● Raw data
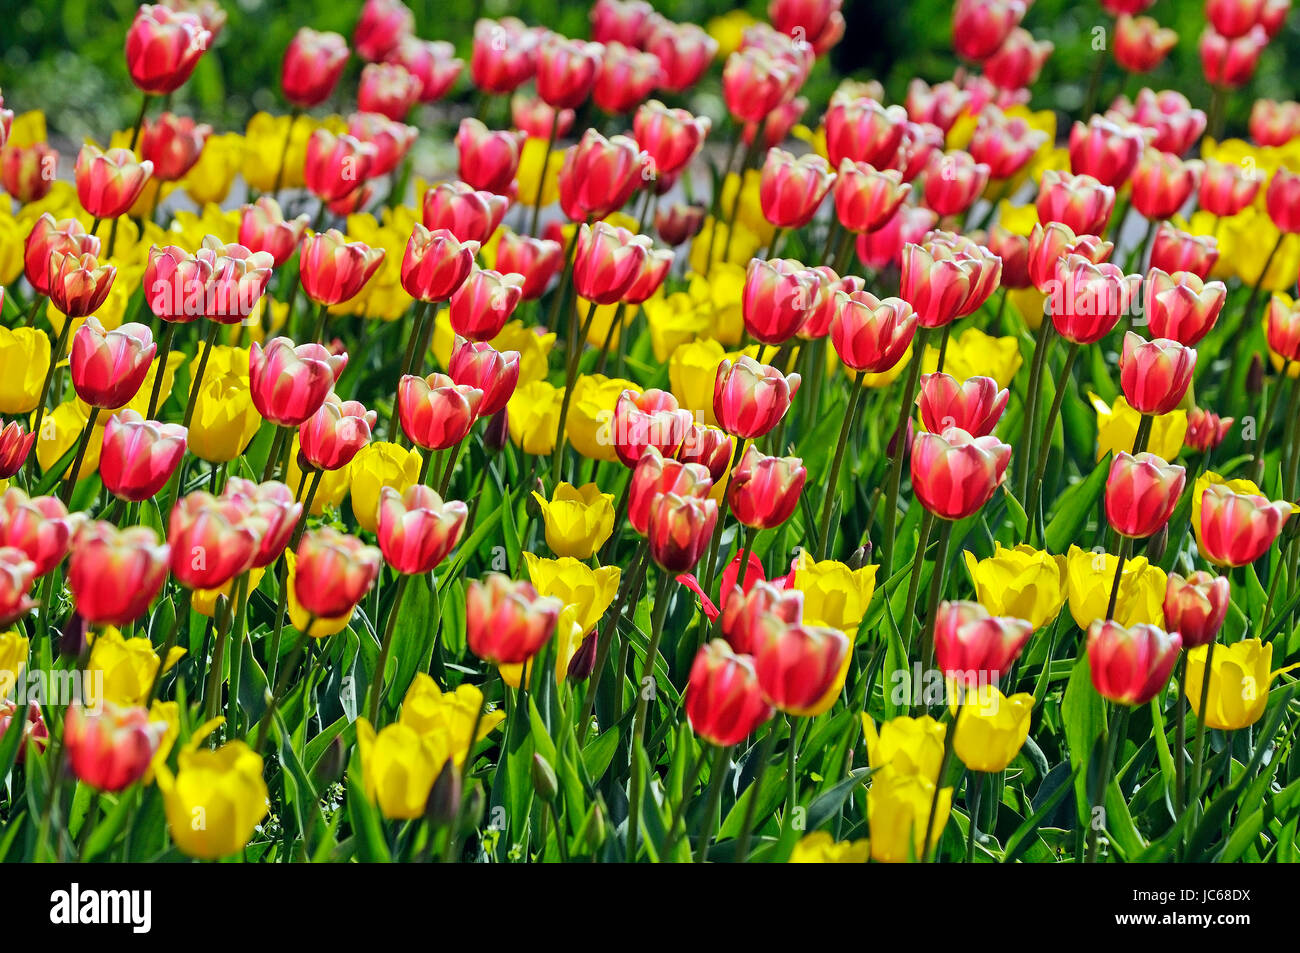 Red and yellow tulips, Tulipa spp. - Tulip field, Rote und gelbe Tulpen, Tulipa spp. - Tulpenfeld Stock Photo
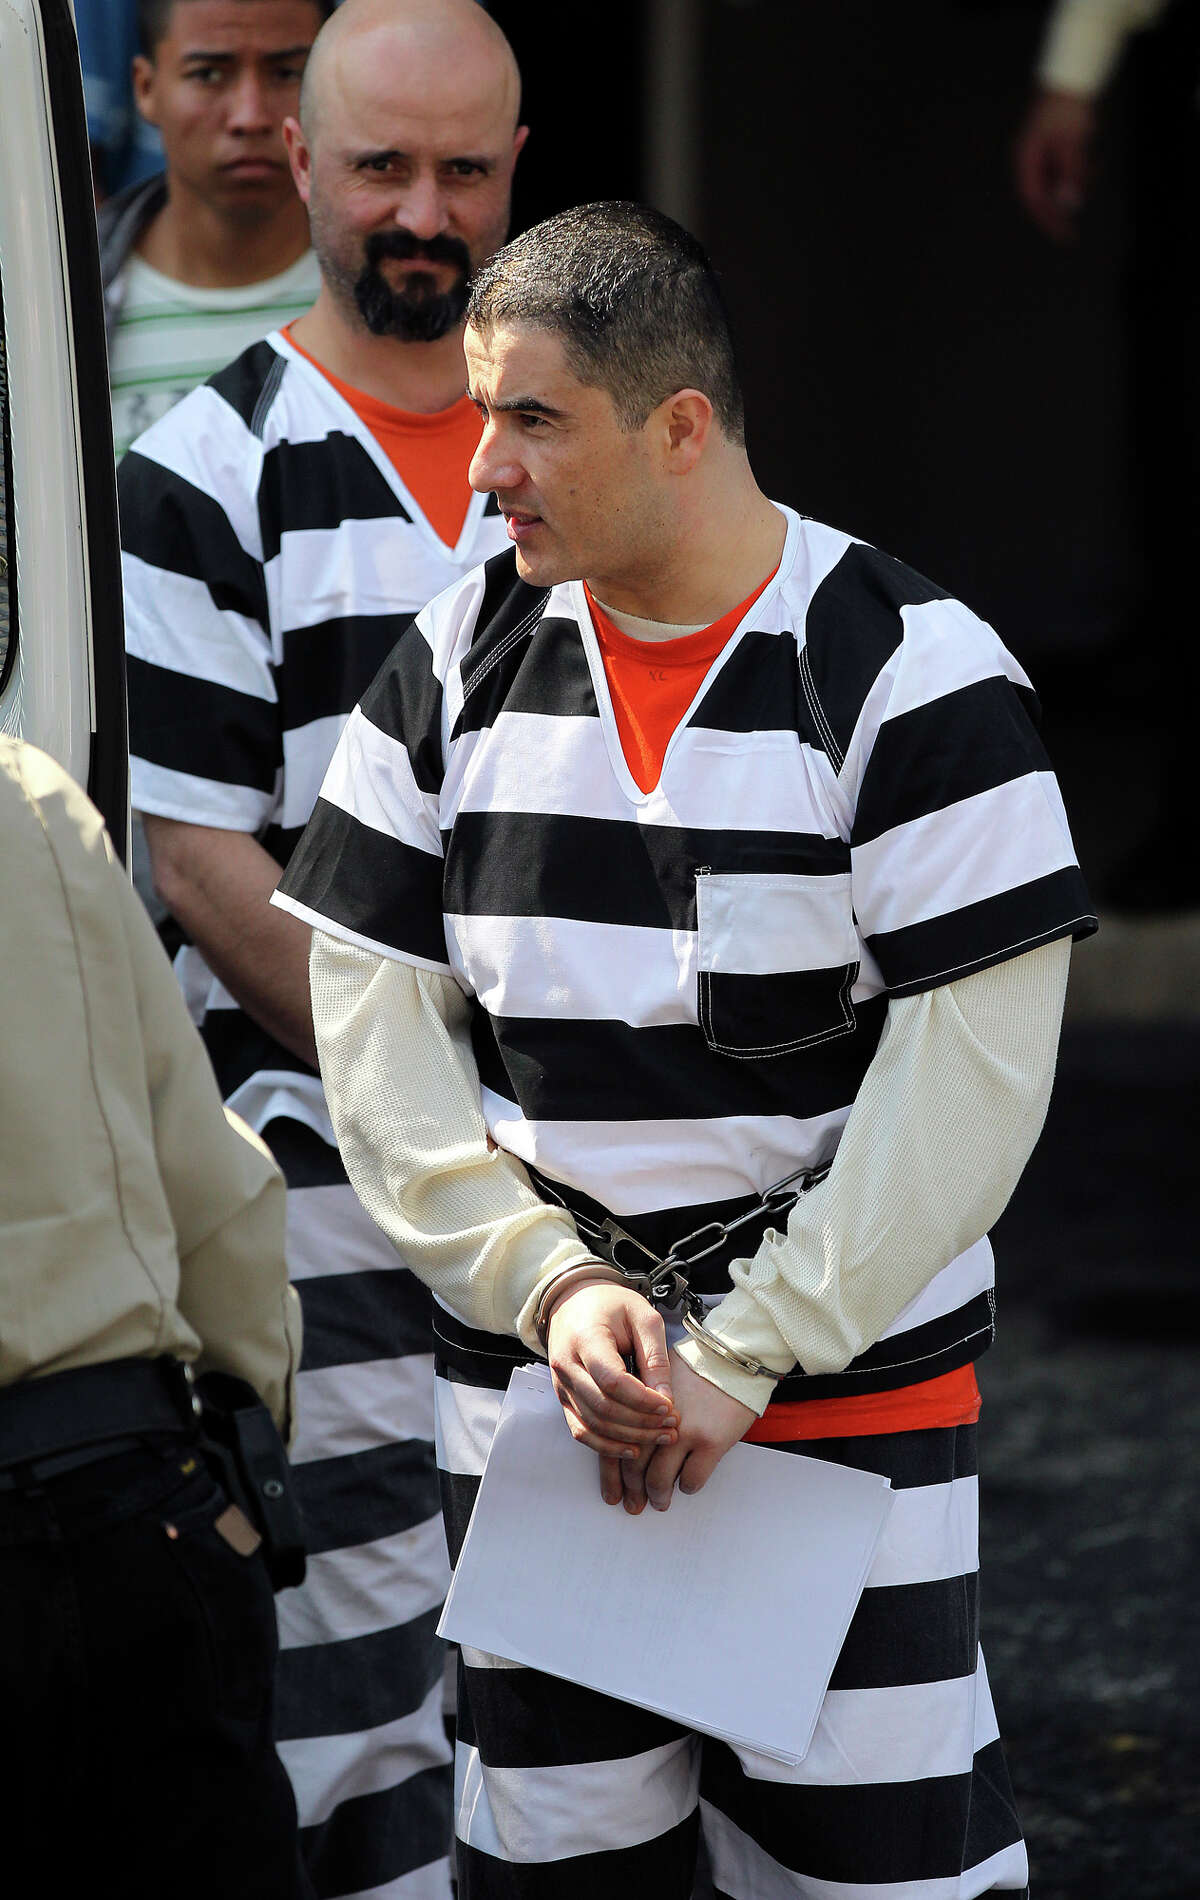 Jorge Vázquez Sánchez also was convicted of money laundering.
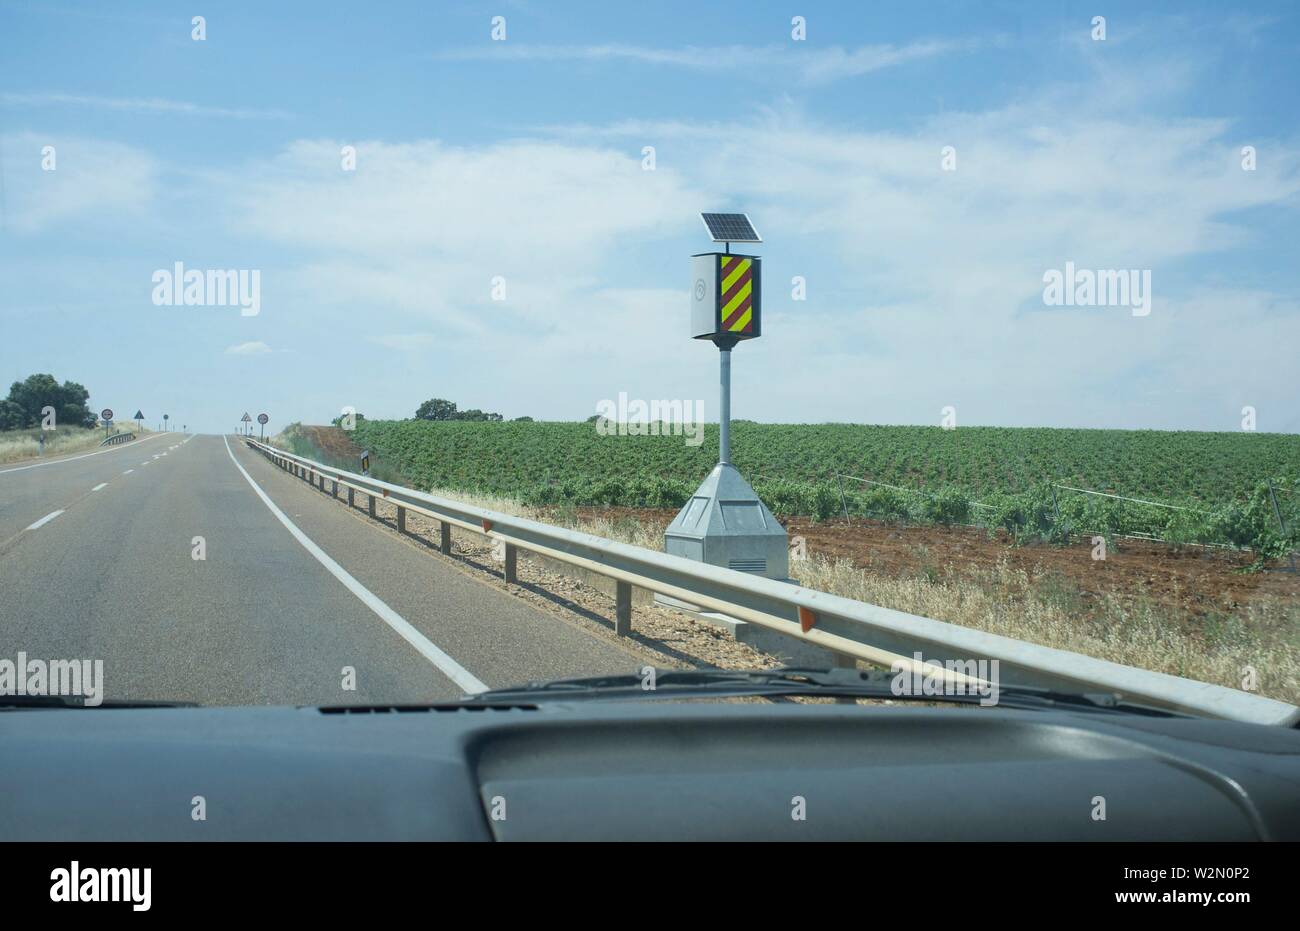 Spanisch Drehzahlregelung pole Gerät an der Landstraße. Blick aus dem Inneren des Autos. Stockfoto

● What you have to do
An unchanged copy of the data, images excluded, is all that should be given.

● Solution for this exercise
 Red and yellow tulips, Tulipa spp. - Tulip field, Rote und gelbe Tulpen, Tulipa spp. - Tulpenfeld Stock Photo
 Jorge Vázquez Sánchez also was convicted of money laundering.
 Spanisch Drehzahlregelung pole Gerät an der Landstraße. Blick aus dem Inneren des Autos. Stockfoto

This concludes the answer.